Outside the cloistered world that serious chess players inhabit, few would have taken any special note of the death last month of Pal Benko, at age 91. Benko was a top grand master and one of the game’s great artists. After defecting from his native Hungary in 1957, he moved to the United States, competing in tournaments and composing ingenious puzzles that introduced generations of young players to the mysteries of the endgame.
But his singular contribution to American chess wasn’t at the board. Without Benko, there might not have been Bobby Fischer—at least not the Fischer who delivered the U.S. perhaps its greatest cultural victory of the Cold War. His competitive career fading, Benko stepped aside in 1970 and let the younger, more talented Fischer take his place in the competition to determine a challenger for the reigning world champion, Boris Spassky of the Soviet Union. Fischer, who had been playing sporadically throughout the 1960s and who seemed on the brink of quitting the game altogether, tore through the qualifying tournaments before dethroning Spassky in a 1972 match that riveted America.
Benko and Fischer hadn’t always been on the best of terms.
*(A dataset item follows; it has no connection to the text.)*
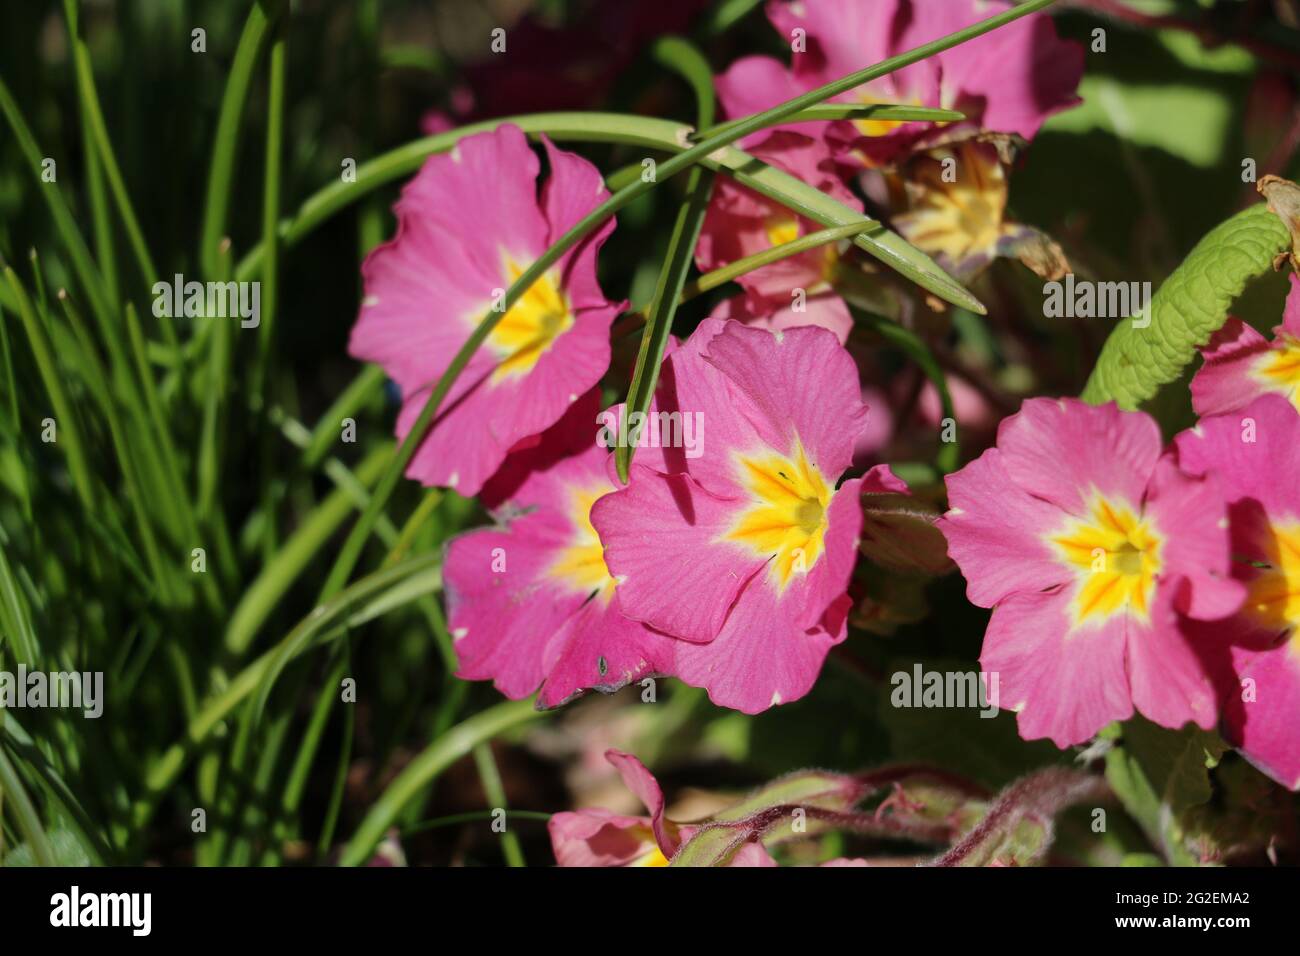 Pretty pink Primrose flowers, Primula vulgaris sibthorpii, blooming in springtime, close-up view Stock Photo

Playing in a tournament in 1962 in the Caribbean, they squabbled one night and got into a fistfight—“the first fistfight ever recorded by two grandmasters,” Frank Brady wrote in his Fischer biography, Endgame. But they reconciled and stayed friends to the end. “Pal felt that Bobby could change the chess world—which Bobby did—and if Bobby became world champion, that would benefit the whole game,” Susan Polgar, a friend of both men and a former women’s world chess champion, told me. “His own personal interest was secondary to the bigger picture.”
Another chess master who was central to the Fischer story also died last month: Shelby Lyman. Though not a world-class player, Lyman did more to popularize chess in America than anyone not named Bobby Fischer. He was teaching chess in New York when one of his students, a TV executive, tapped him to host a PBS show covering the Fischer-Spassky match. Lyman proved a natural showman, explaining densely complicated chess positions to TV viewers, many of whom thought of a fork only as an eating utensil. (In chess, it’s a move where a single piece makes at least two simultaneous attacks.) Like tons of other kids at the time, I’d turn to Channel 13 in New York that summer and follow Lyman’s commentary move by move, sparking a lifelong interest in the game. After becoming a journalist, I wrote about Lyman, and from time to time we’d talk about the match.